Collected data:

──────

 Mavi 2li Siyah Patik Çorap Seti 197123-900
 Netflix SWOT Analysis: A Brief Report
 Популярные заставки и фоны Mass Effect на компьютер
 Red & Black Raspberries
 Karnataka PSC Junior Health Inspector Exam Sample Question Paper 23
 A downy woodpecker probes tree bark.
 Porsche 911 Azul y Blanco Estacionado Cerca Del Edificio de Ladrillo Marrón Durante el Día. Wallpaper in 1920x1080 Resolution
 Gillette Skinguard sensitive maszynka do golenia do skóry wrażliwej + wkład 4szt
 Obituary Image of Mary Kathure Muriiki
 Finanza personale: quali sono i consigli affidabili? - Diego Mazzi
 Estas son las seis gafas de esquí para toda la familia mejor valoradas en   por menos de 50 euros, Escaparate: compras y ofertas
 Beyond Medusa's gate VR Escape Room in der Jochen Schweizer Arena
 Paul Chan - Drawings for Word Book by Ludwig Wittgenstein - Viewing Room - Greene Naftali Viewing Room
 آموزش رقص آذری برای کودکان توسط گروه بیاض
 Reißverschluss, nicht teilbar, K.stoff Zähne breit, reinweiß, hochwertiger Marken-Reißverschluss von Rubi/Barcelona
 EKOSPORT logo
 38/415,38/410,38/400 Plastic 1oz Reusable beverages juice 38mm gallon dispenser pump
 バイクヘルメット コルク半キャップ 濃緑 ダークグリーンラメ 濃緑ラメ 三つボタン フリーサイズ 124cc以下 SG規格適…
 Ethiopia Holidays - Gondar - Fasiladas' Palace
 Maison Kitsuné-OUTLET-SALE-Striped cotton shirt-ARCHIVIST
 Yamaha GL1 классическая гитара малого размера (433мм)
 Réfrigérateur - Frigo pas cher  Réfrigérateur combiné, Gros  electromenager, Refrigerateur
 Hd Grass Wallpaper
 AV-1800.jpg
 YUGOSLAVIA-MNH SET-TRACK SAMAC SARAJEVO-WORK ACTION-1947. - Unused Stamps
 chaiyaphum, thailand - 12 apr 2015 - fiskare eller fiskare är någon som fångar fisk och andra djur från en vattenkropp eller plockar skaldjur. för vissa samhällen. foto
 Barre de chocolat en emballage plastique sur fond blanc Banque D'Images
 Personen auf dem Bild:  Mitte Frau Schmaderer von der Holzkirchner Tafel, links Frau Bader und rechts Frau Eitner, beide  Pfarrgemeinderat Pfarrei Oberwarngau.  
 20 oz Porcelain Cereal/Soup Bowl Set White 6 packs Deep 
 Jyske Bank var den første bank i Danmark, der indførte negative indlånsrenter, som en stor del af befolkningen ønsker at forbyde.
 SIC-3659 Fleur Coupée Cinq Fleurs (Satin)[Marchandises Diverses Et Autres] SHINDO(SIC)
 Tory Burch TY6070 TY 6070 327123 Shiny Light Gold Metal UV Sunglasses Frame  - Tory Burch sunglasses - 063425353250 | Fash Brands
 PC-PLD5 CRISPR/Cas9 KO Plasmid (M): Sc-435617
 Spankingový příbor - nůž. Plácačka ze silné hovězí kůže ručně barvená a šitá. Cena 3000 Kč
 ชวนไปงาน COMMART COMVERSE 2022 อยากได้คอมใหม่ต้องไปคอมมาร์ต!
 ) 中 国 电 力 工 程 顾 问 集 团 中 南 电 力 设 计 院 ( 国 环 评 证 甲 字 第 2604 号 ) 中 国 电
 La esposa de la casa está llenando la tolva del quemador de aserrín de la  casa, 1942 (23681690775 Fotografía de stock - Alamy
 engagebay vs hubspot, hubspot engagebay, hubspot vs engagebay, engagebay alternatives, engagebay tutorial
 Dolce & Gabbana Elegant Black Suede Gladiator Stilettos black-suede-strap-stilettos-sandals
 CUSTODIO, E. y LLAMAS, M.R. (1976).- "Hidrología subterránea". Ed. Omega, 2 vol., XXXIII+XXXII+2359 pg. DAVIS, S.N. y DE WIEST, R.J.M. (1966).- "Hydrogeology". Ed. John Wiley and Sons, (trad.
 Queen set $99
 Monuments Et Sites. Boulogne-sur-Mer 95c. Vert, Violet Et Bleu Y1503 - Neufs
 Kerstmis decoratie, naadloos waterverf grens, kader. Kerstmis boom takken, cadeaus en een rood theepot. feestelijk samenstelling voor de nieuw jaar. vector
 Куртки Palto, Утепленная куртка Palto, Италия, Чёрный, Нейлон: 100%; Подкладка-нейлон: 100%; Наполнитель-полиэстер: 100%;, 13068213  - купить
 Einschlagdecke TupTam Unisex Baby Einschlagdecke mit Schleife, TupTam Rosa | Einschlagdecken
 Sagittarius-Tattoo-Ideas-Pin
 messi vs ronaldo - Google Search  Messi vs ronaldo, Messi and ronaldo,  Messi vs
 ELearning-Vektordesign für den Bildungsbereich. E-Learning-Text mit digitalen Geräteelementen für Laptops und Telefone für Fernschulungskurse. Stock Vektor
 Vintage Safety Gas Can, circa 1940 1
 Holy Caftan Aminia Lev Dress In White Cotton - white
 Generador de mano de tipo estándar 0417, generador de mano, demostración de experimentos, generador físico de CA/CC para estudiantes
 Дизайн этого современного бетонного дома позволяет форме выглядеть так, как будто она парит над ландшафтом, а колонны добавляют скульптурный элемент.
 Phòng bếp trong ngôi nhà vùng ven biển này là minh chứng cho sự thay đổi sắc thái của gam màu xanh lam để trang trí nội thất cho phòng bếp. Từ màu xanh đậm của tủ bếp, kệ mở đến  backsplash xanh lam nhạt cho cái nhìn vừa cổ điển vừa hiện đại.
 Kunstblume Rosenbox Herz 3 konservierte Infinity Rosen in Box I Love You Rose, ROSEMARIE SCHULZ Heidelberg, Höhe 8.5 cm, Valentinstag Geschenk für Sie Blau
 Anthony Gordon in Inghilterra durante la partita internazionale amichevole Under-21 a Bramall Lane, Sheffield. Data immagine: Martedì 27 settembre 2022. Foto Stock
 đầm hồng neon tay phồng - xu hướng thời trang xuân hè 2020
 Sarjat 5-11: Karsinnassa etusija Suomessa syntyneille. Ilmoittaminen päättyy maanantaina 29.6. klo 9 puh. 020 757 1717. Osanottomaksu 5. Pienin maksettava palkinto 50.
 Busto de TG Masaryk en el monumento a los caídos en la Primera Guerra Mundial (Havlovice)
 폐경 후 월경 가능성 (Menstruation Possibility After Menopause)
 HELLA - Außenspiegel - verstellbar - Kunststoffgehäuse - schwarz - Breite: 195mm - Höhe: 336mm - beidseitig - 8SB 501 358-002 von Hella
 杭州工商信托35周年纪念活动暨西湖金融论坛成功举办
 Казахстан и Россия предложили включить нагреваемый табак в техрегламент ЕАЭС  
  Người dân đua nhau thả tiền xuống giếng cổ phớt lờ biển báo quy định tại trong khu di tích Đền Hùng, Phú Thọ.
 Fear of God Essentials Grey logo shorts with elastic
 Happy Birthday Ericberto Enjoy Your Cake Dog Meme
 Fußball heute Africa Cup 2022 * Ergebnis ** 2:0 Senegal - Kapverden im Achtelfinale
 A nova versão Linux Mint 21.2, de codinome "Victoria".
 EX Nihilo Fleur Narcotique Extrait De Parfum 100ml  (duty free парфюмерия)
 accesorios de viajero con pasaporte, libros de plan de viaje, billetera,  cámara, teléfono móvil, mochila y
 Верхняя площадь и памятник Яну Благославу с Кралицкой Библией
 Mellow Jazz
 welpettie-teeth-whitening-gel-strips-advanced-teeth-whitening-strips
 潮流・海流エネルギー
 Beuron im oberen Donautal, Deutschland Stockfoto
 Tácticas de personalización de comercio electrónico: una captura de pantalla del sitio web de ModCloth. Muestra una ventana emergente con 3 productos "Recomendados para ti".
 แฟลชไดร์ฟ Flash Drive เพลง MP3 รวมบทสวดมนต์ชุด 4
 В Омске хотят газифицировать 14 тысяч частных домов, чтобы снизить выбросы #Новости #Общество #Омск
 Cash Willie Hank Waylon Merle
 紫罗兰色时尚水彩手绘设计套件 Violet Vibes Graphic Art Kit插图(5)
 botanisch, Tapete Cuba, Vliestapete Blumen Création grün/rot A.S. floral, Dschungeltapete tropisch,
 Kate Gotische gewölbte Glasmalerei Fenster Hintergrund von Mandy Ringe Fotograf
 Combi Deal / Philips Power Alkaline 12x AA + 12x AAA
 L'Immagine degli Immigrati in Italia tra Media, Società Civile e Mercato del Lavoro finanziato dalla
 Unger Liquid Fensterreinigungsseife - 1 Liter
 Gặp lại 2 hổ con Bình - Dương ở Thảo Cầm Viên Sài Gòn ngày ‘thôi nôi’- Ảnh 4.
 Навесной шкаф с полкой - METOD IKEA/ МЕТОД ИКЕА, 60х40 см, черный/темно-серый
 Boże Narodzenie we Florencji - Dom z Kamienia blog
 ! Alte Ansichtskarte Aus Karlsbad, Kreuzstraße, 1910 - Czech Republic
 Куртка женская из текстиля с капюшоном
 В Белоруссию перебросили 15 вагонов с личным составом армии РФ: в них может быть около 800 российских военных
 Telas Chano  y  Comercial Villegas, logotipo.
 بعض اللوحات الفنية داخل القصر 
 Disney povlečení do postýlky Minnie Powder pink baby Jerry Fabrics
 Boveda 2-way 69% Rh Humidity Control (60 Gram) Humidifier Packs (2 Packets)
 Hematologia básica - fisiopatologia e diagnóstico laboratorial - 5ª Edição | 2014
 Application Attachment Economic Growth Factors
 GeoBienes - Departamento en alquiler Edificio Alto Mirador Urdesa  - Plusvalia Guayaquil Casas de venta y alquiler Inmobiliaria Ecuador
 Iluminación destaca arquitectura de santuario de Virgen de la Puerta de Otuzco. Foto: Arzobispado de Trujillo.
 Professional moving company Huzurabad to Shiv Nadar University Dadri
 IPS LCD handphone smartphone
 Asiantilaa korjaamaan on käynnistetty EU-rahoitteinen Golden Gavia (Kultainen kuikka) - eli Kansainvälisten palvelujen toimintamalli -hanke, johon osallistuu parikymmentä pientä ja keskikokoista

──────

*EXERCISE DETAILS*.
Using the records above, set down exactly the lines from the one with "Holy Caftan Aminia" through the one with "Busto de TG", inclusive, and nothing more.

*WRITTEN REPLY*.
 Holy Caftan Aminia Lev Dress In White Cotton - white
 Generador de mano de tipo estándar 0417, generador de mano, demostración de experimentos, generador físico de CA/CC para estudiantes
 Дизайн этого современного бетонного дома позволяет форме выглядеть так, как будто она парит над ландшафтом, а колонны добавляют скульптурный элемент.
 Phòng bếp trong ngôi nhà vùng ven biển này là minh chứng cho sự thay đổi sắc thái của gam màu xanh lam để trang trí nội thất cho phòng bếp. Từ màu xanh đậm của tủ bếp, kệ mở đến  backsplash xanh lam nhạt cho cái nhìn vừa cổ điển vừa hiện đại.
 Kunstblume Rosenbox Herz 3 konservierte Infinity Rosen in Box I Love You Rose, ROSEMARIE SCHULZ Heidelberg, Höhe 8.5 cm, Valentinstag Geschenk für Sie Blau
 Anthony Gordon in Inghilterra durante la partita internazionale amichevole Under-21 a Bramall Lane, Sheffield. Data immagine: Martedì 27 settembre 2022. Foto Stock
 đầm hồng neon tay phồng - xu hướng thời trang xuân hè 2020
 Sarjat 5-11: Karsinnassa etusija Suomessa syntyneille. Ilmoittaminen päättyy maanantaina 29.6. klo 9 puh. 020 757 1717. Osanottomaksu 5. Pienin maksettava palkinto 50.
 Busto de TG Masaryk en el monumento a los caídos en la Primera Guerra Mundial (Havlovice)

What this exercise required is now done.